In Part 3 of this series, Marc covers the second feedback session with Juan for his personality assessment.
[1:40] Marc welcomes you to Episode 88 of the Repurpose Your Career podcast (the intro of which he is recording inside his closet in Ajijic) and invites you to share this podcast with others. Please subscribe, share it on social media, write an honest iTunes review, or tell your neighbors and colleagues so Marc can help more people.
[2:31] Next week’s episode is an interesting interview with Jeanne Yocum. Jeanne has been self-employed as a public relations consultant and ghostwriter for over 30 years. This Spring, Jeanne published her first solo book, The Self-Employment Survival Guide: Proven Strategies to Succeed as Your Own Boss. This book really resonated with Marc.
[2:58] This week is the third episode of the four-part series “Can Juan Repurpose His Career?” Juan is in his mid-fifties, a former school teacher, technology trainer and educator, adjunct professor, and multipotentialite. Juan is figuring out what is next.
[3:19] If you have not listened to the first two parts of this series, please stop now and listen to Episode 83 and Episode 84 before listening to this third part. You will find all the reports for the series to download at Careerpivot.com/Juan. Marc added more reports for this Episode 88.
[4:00] Marc has already gotten feedback from a number of people about how this series resonates with them.
[4:09] Marc introduces Juan. This episode is the second feedback session for Juan.
[4:17] Juan reports on his homework from the first feedback session. Juan recalls the stress of leaving a union teaching position to going to a freelance situation, and what that meant to him. The security and convenience of benefits are alluring but Juan felt unchallenged and stagnant in a protected job.
[6:01] Juan learned a lot about his personality and natural predispositions in the first feedback session. He says the Birkman Assessment was on the spot. Juan wants to be high-challenged. He was happy doing freelancing. He enjoyed traveling a lot.

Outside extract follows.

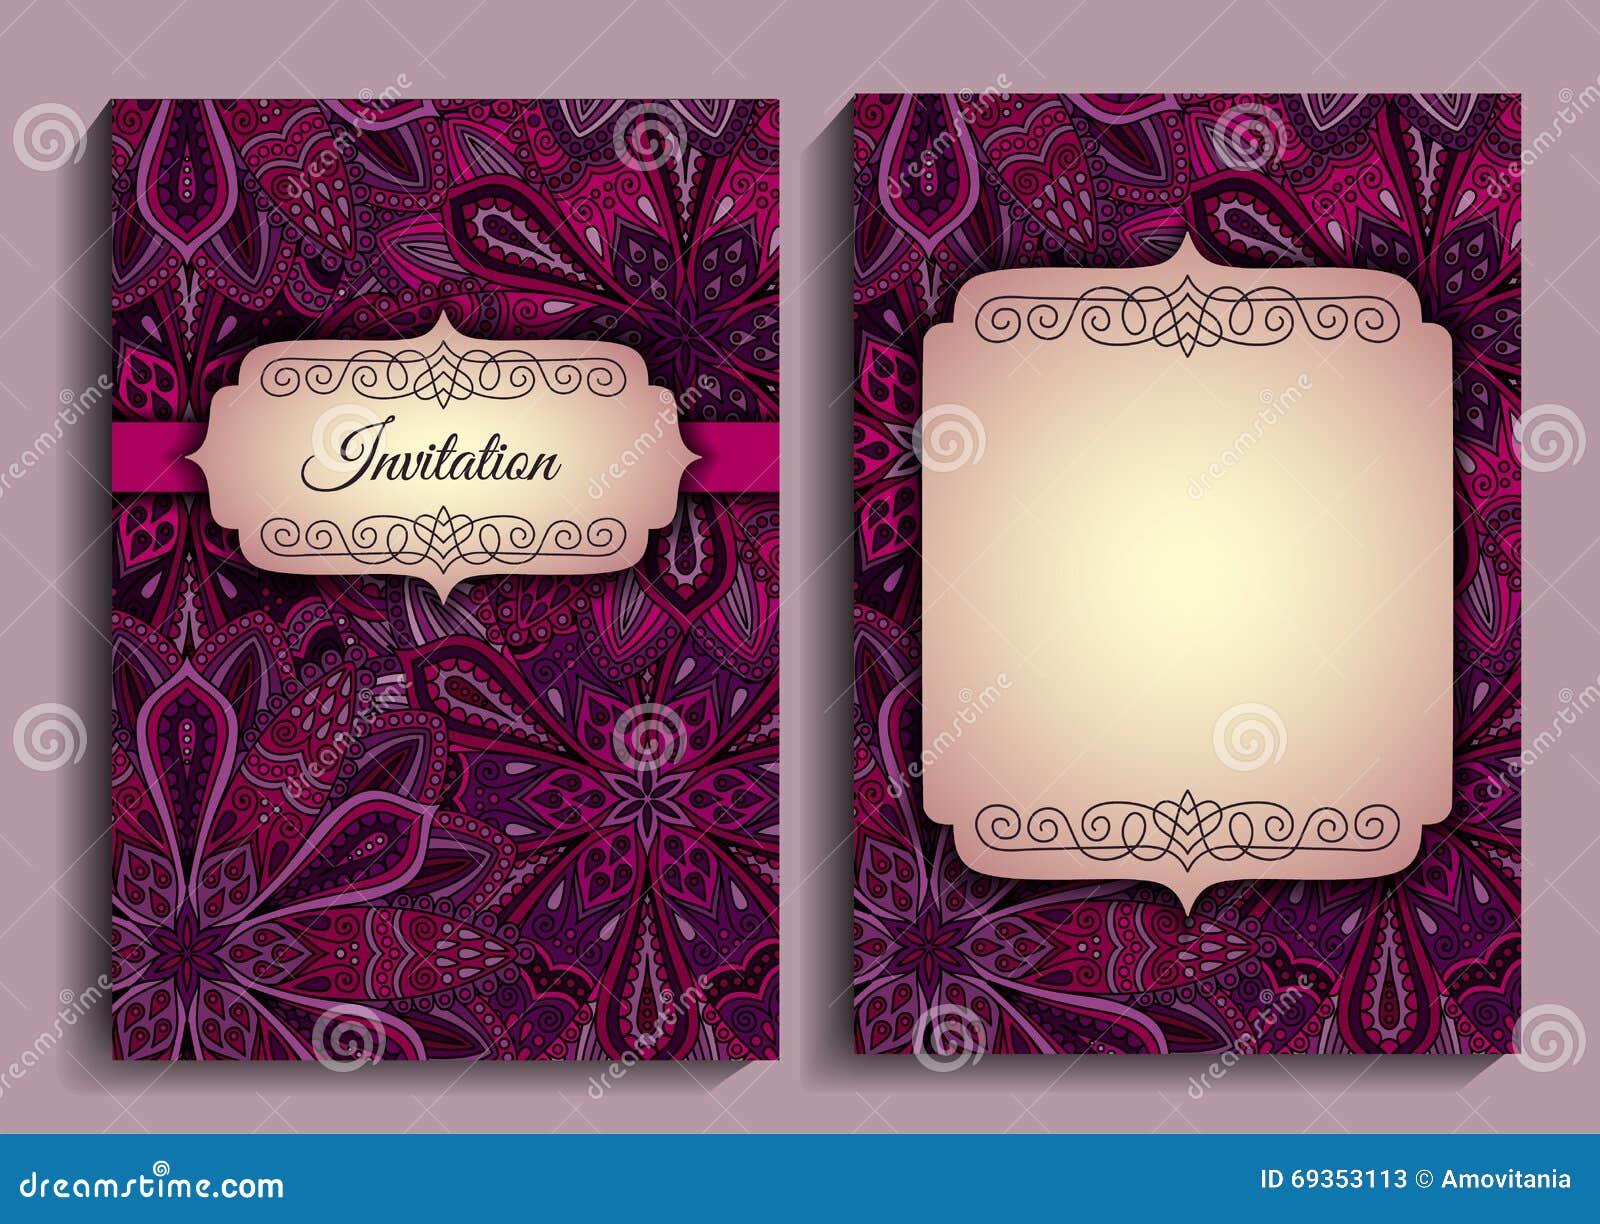 89854394fb92 Purple vintage flower invitation vector elegant template intricate floral  pattern frames swirl decorative jpg 1300x1011 Purple

[7:37] Marc introduces the Preferred Work Styles (PWS) report. This covers Juan’s natural management style, how he fits into the corporate work environment, social adaptability and social responsibilities, and how Juan makes decisions.
[8:40] Juan is a global conceptual thinker.
[9:03] Juan’s knowledge specialist rank is 7/10. This is common for Marc’s clientele. Juan reads the knowledge specialist description. Juan leads by example.
[9:59] Juan ranks 3/10 in directive management. Juan reads the description. Juan doesn’t lead by telling.
[11:00] Juan ranks 2/10 in delegative management. Juan is not interested in a VP or CIO position.
[12:37] In the PWS document, Juan’s work motivation is ranked at 2/10. He needs to see value in his work to get motivated. Just having work is not motivation enough.
[13:59] Marc shares an example of someone who goes crazy with assignments given without explaining their purpose. Marc and Juan apply the rating to Juan’s experience in the public school system. Juan needs work he believes in.
[15:57] Juans ranks 4/10 in corporate adaptability. Juan reads the description for the level of commitment to the organization. Someone with a score of 3 or lower does not participate in organizational politics. Juan was proud to work for the organizations where he was given a lot of freedom and flexibility.
 Juan identifies more with the good managers he has had than with the corporations where they worked.
[18:55] Juan ranks 7/10 in self-development. Juan reads the description. A rank of 7 shows he learns a job best in a structured onboarding process. Being left on his own is uncomfortable for him.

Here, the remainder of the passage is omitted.